#### Dataset extract:
◆ ◆ ◆ ◆

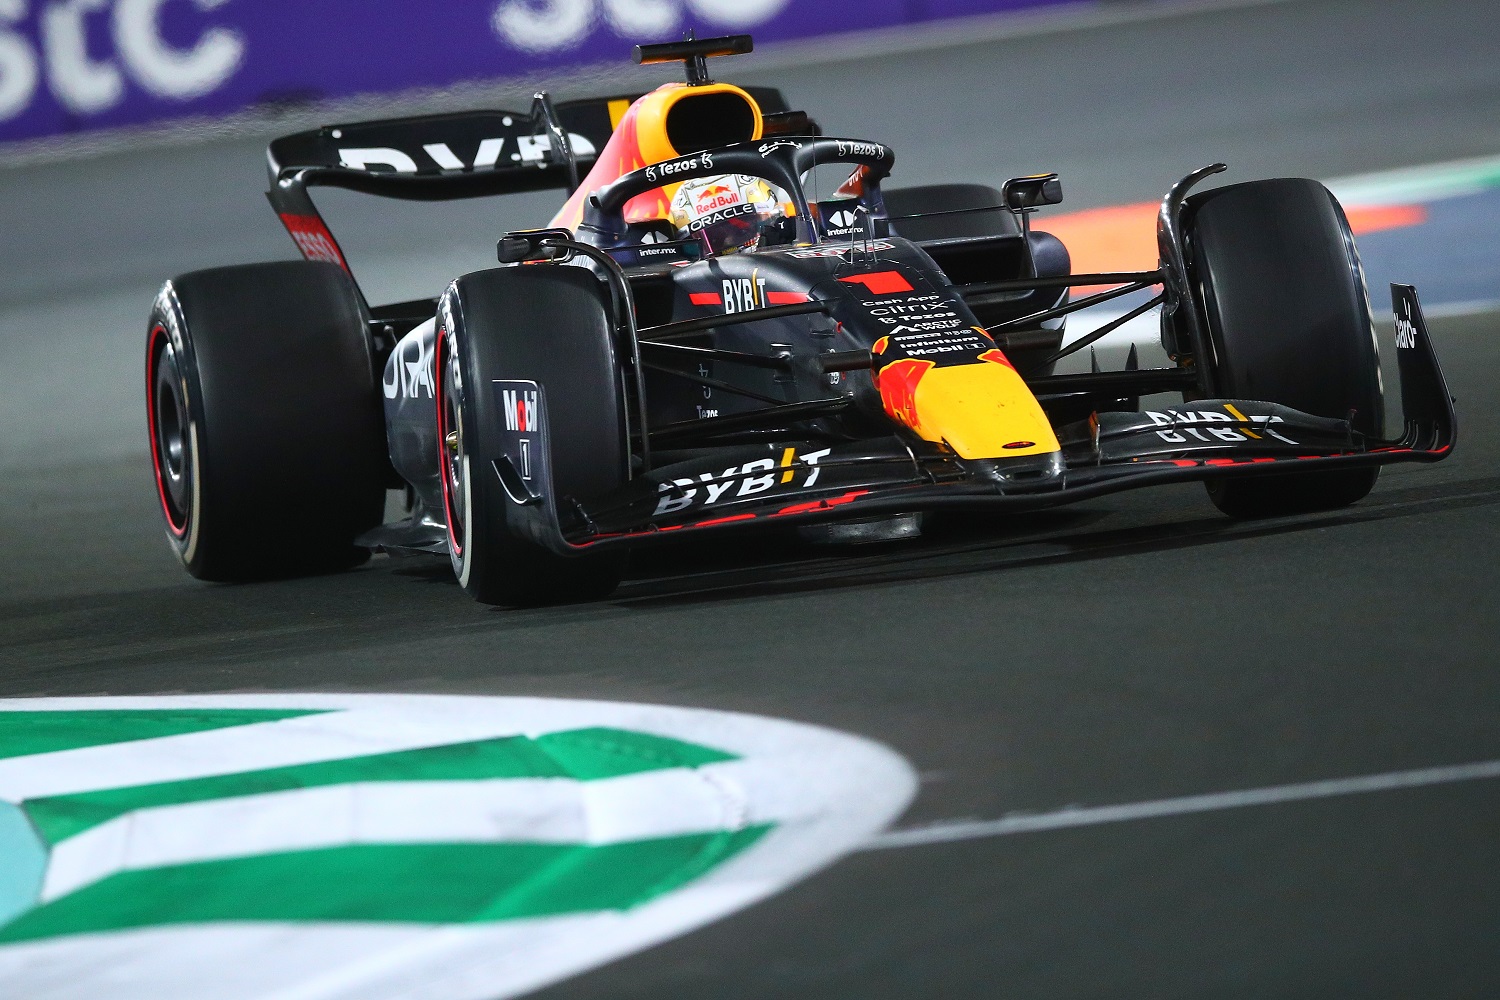 :Max Verstappen during the Formula 1 Grand Prix of Saudi Arabia at the Jeddah Corniche Circuit on March 27, 2022 in Jeddah, Saudi Arabia.| Eric Alonso/Getty Images
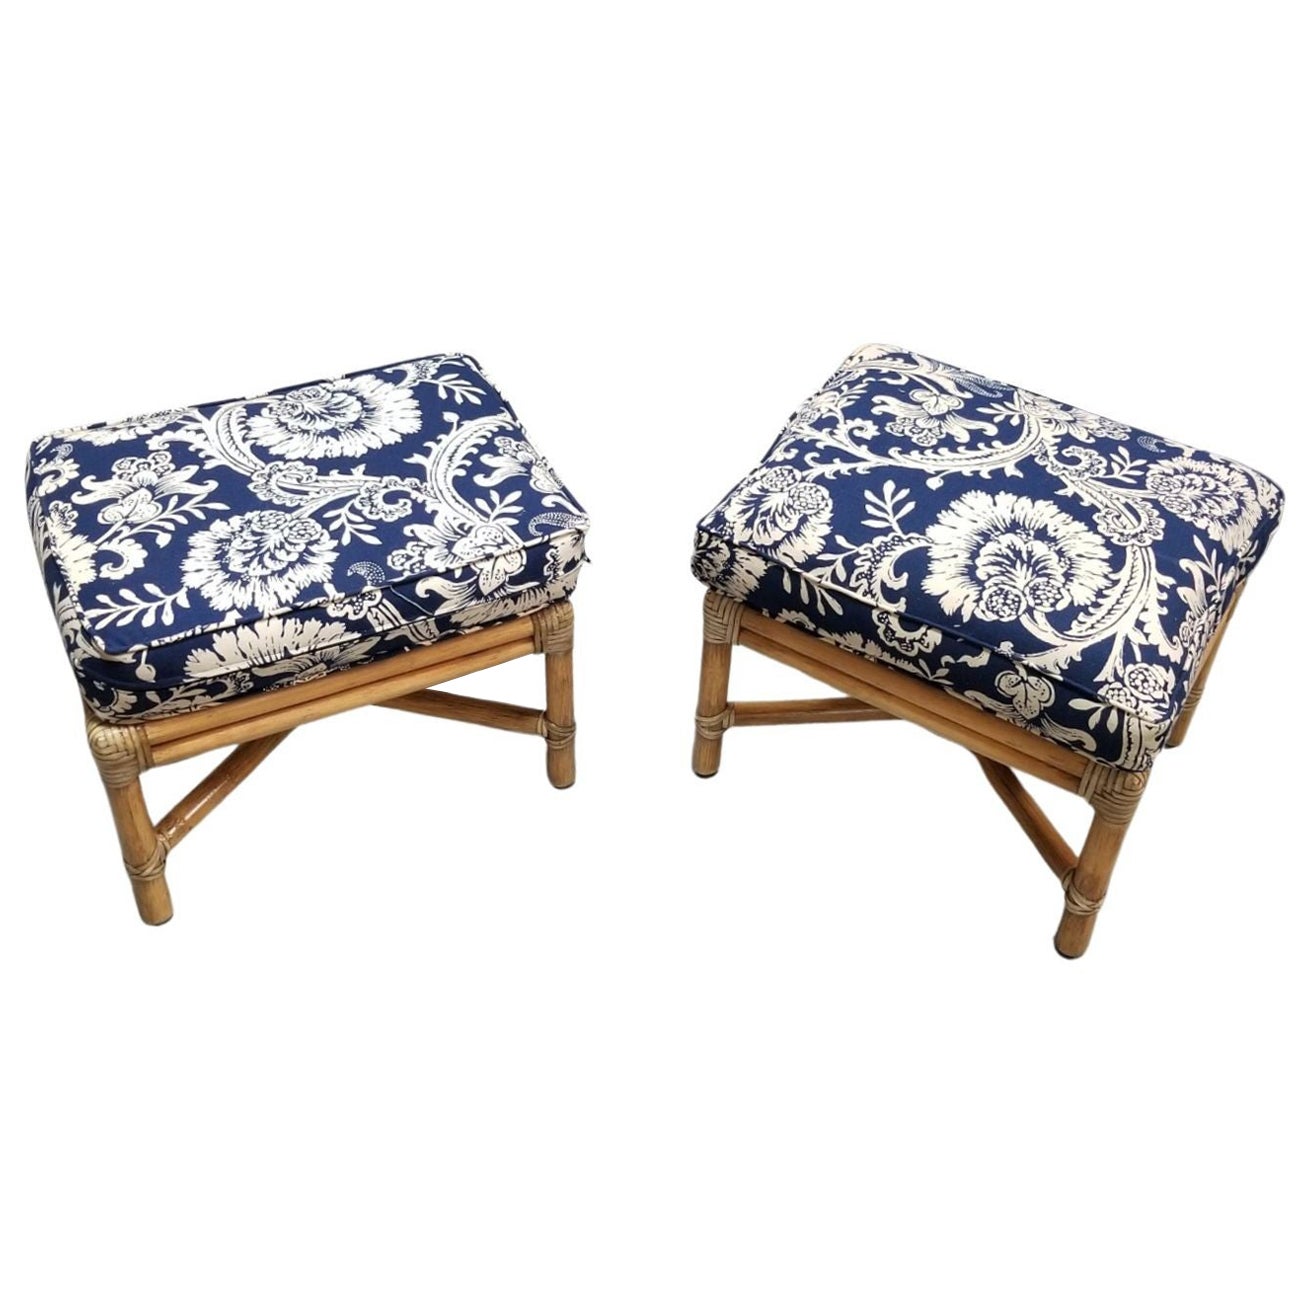 Restored Leather Wrapped Rattan Footstool Pair Signed by McGuire
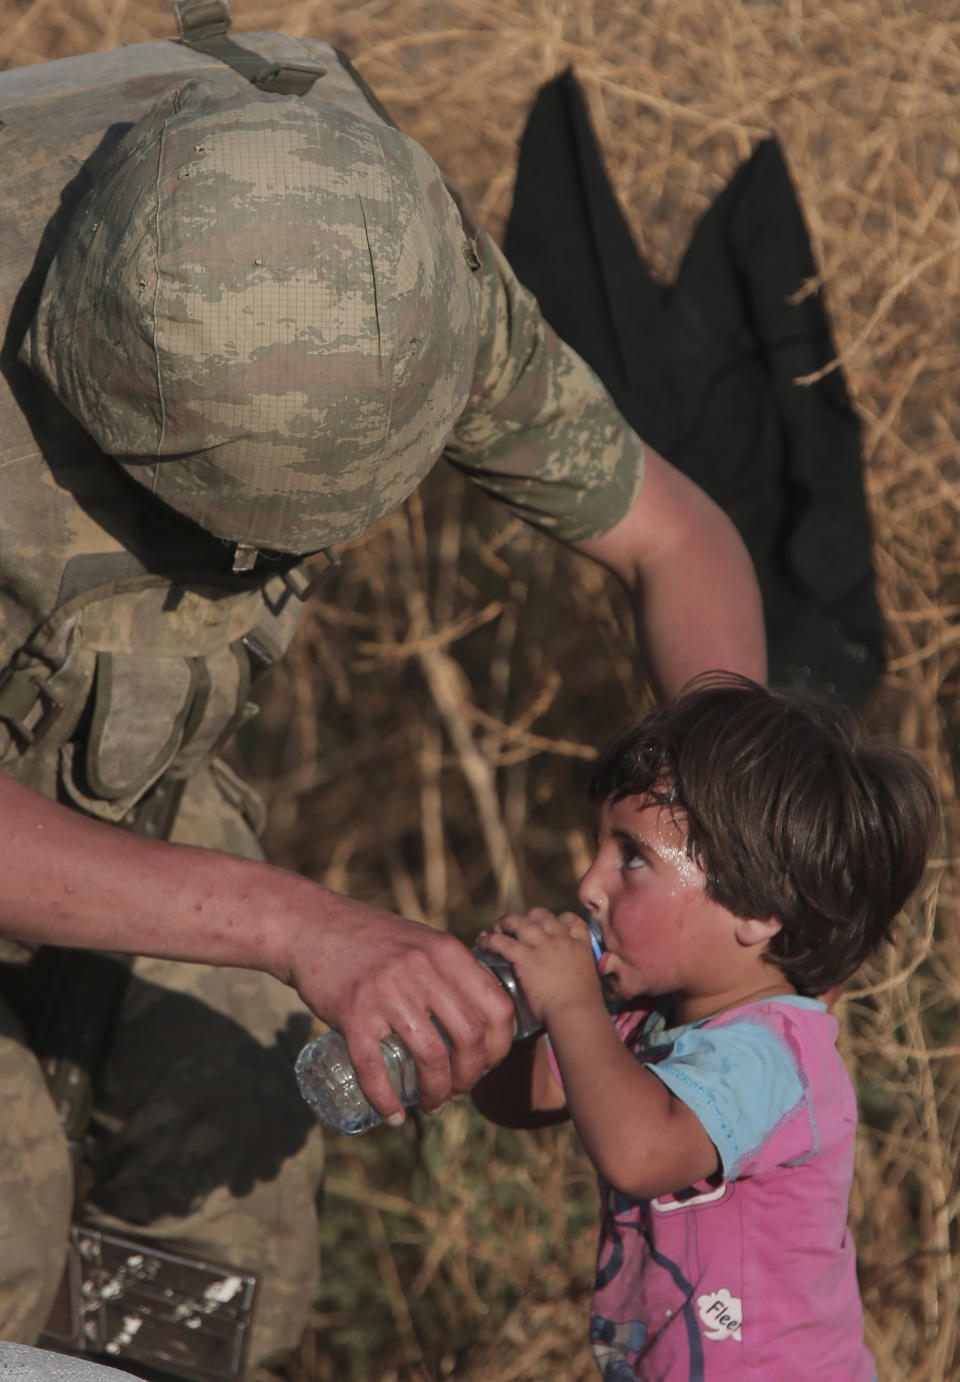 File - In this June 14, 2015, file photo a Turkish soldier offers water to a Syrian refugee child after crossing into Turkey from Syria, in Akcakale, Sanliurfa province, southeastern Turkey. As Turkish forces invaded northern Syria in early October 2019, supporters of the offensive launched an online misinformation campaign. Dozens of misleading images claiming to show Turkey’s soldiers cuddling babies, feeding hungry toddlers and carrying elderly women spread across Twitter and Instagram where they were liked, retweeted and viewed thousands of times. They included this photo, which was, in fact, shot by an Associated Press photographer in 2015. (AP Photo/Lefteris Pitarakis, File)
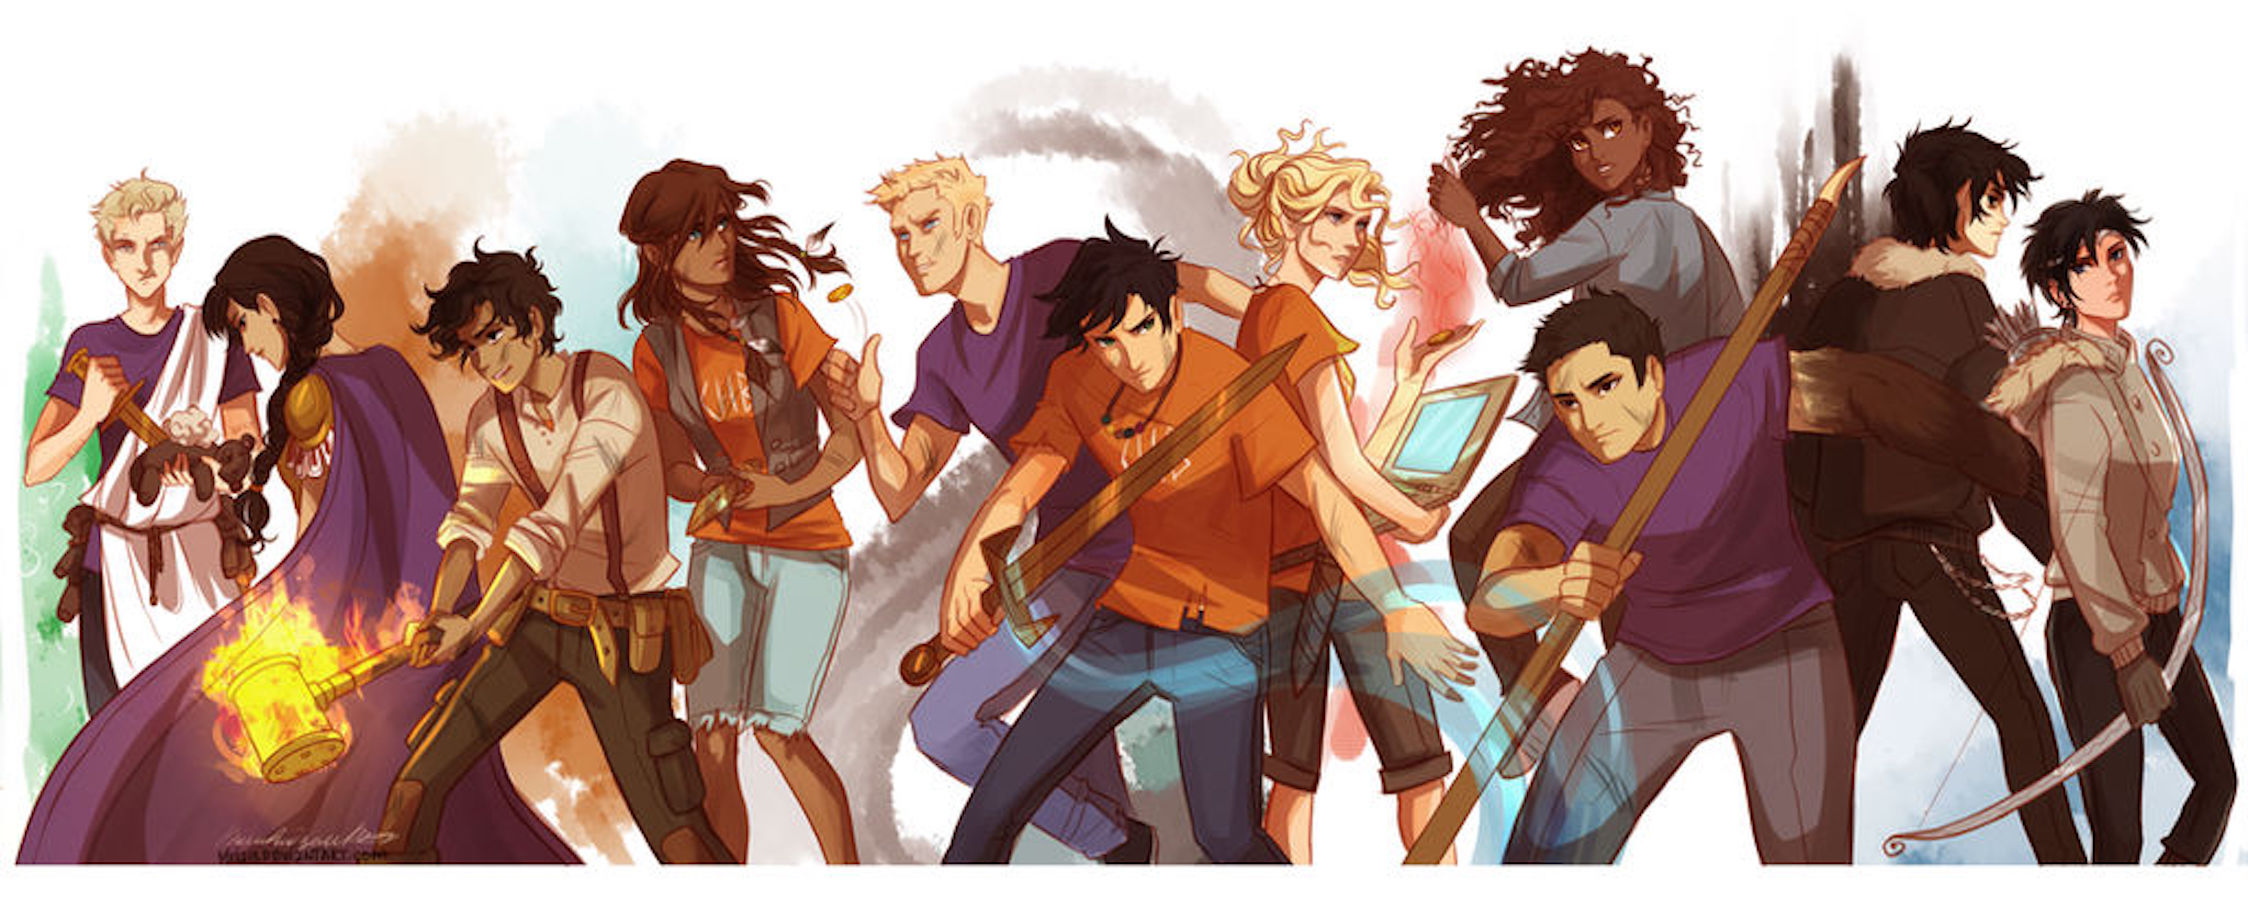 Fan art of characters from Riordan's "Heroes of Olympus" series standing next to one another in fighting stances.

◆ ◆ ◆ ◆

Starting with the opening line of the listing, write out each line exactly until the line that contains "Restored Leather Wrapped" has been included; skip the pictures.

#### Task response:
 :Max Verstappen during the Formula 1 Grand Prix of Saudi Arabia at the Jeddah Corniche Circuit on March 27, 2022 in Jeddah, Saudi Arabia.| Eric Alonso/Getty Images
 Restored Leather Wrapped Rattan Footstool Pair Signed by McGuire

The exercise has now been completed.